Is a Wibbley Wobbley A Weeble?

I was watching an episode of Are You Being Served and the staff has to switch departments, sending everyone’s favourite staff from the Men’s and Lady’s Departments to the Toy Department.

Anyway they are showing Wibbley Wobbleys (Is that how you spell it??). Is this a weeble? Here’s the link (Starts at 9:32)
Did they change the name for the show or is a Weeble called something different in the UK?

When I was a kid, even though they were called Weebles, the ad for it always said “Weebles wobble but they don’t fall down,” and some of my friends, who weren’t too bright, because of that jingle insisted on calling them “weeblewobbles.”

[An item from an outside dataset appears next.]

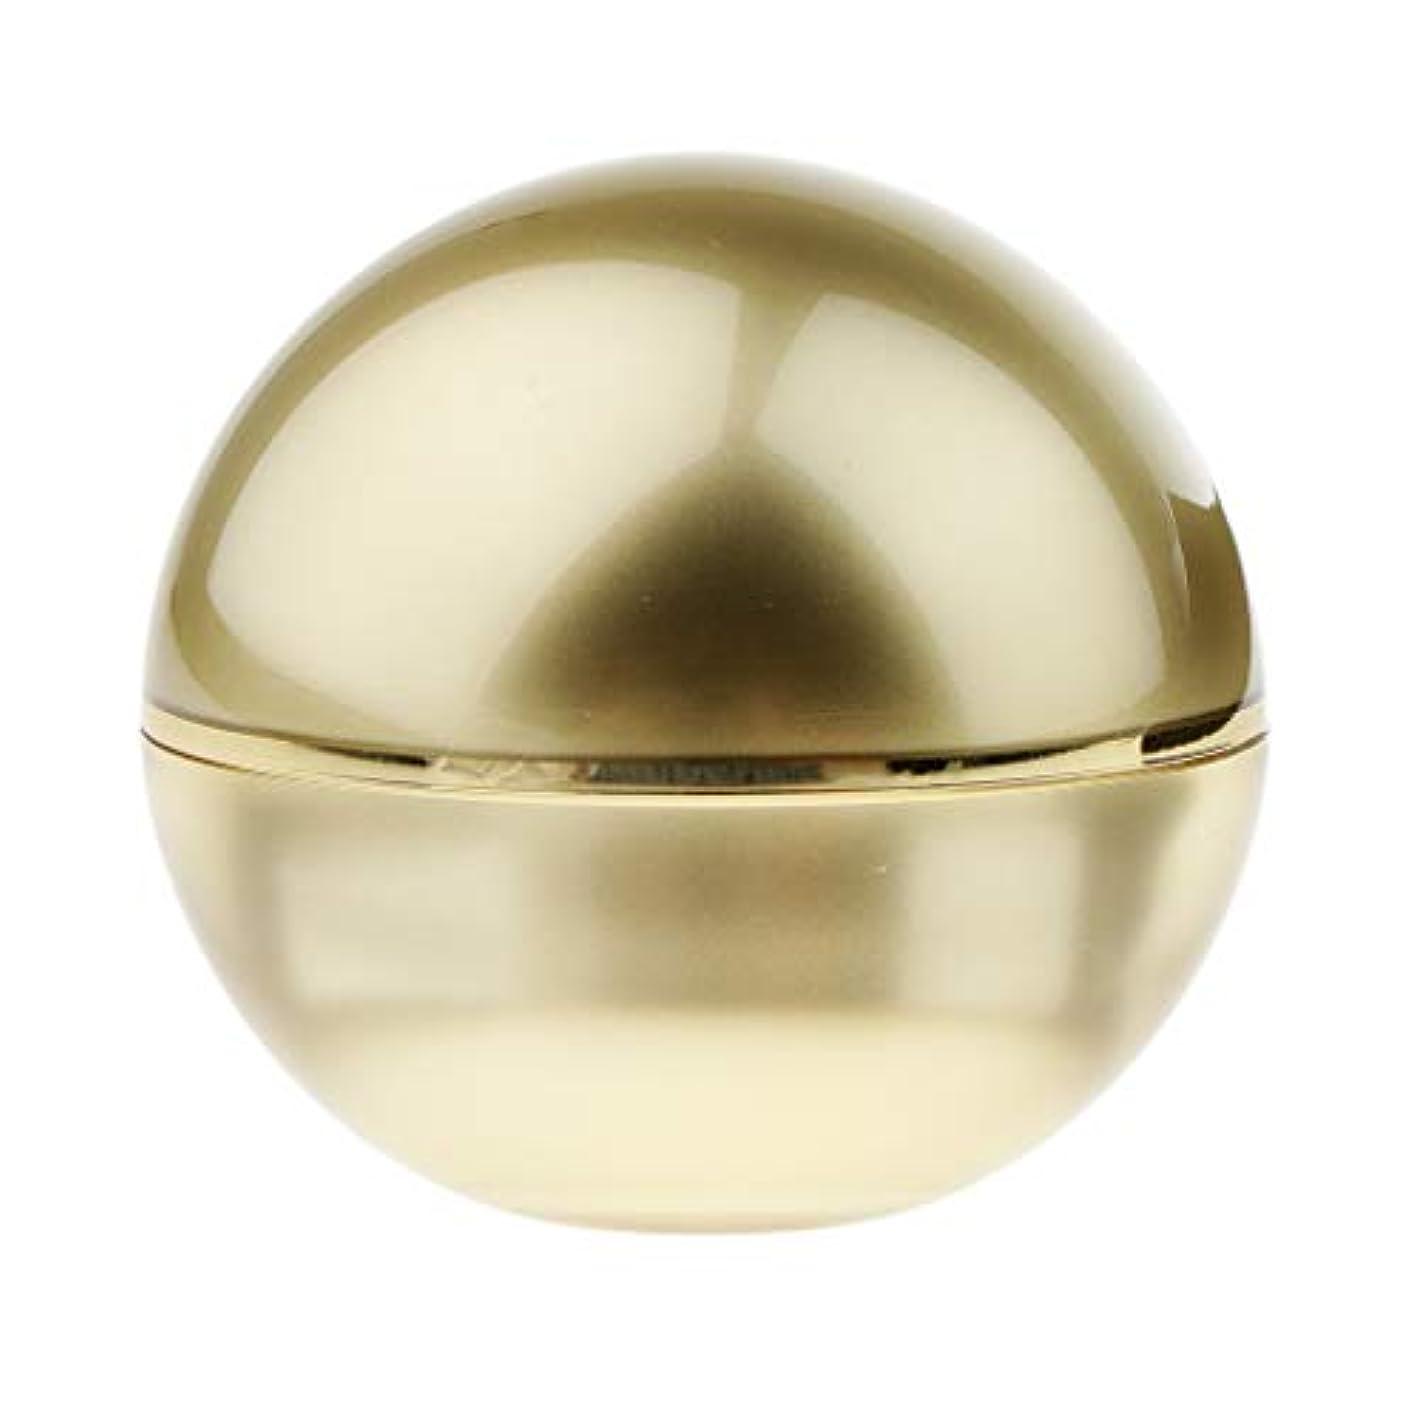 地味な透明にさわやかPerfeclan 化粧品容器 ボール型 化粧品 容器 メーキャップ クリームジャー ゴールド 3サイズ選べ - 30g

Well, as your link points out, Weeble is a trademark. I am pretty sure the concept (and actuality) of wobbly toys has existed a lot longer than this particular brand, and many other manufacturers make them, or have made them.* It is appropriate to use more generic term, although, no doubt, this particular one was chosen for its humor/double entendre value.

Also, as it is a BBC show, and the BBC has long had strong rules about avoiding advertising (including product placement), there may have been a deliberate effort to avoid the brand name for this reason.

*Actually, I had a wobbly toy as a small boy that was called (had written on it) "Magic Marxie," because it was made by the Marx toy company. (Also because it promoted proletarian revolution.)

a. those are not weebles - weebles had paper faces under a hard plastic shell, not sculpted features like these things
b. the playground set is almost identical (wrong colors, thicker playground furniture, though) to a weebles set I owned 29 years ago. just like this one.

Actually, those are Weebles. The ones made and sold in the UK by Airfix in the 1970s were different to the US ones, but they were still marketed as Weebles. Check out the link.

True. They’ve eased up a bit in the last decade or so, but when the programme in question was made, they were incredibly strict and careful about it. The craft tutorials on the children’s show Blue Peter used to obscure all the brand names on various cereal boxes and other recycled materials with carefully painted rectangles, or coloured tape.

Yeah, Fablon self-adhesive vinyl eventually changed it’s tag-line to “The Sticky-back Plastic” in reference to what it was called on Blue Peter.

Wibbley-wobbley, timey-wimey.

Ah! it all comes flooding back - they were so careful to use generic descriptive terms for all the materials, even when describing specifically unique product packaging.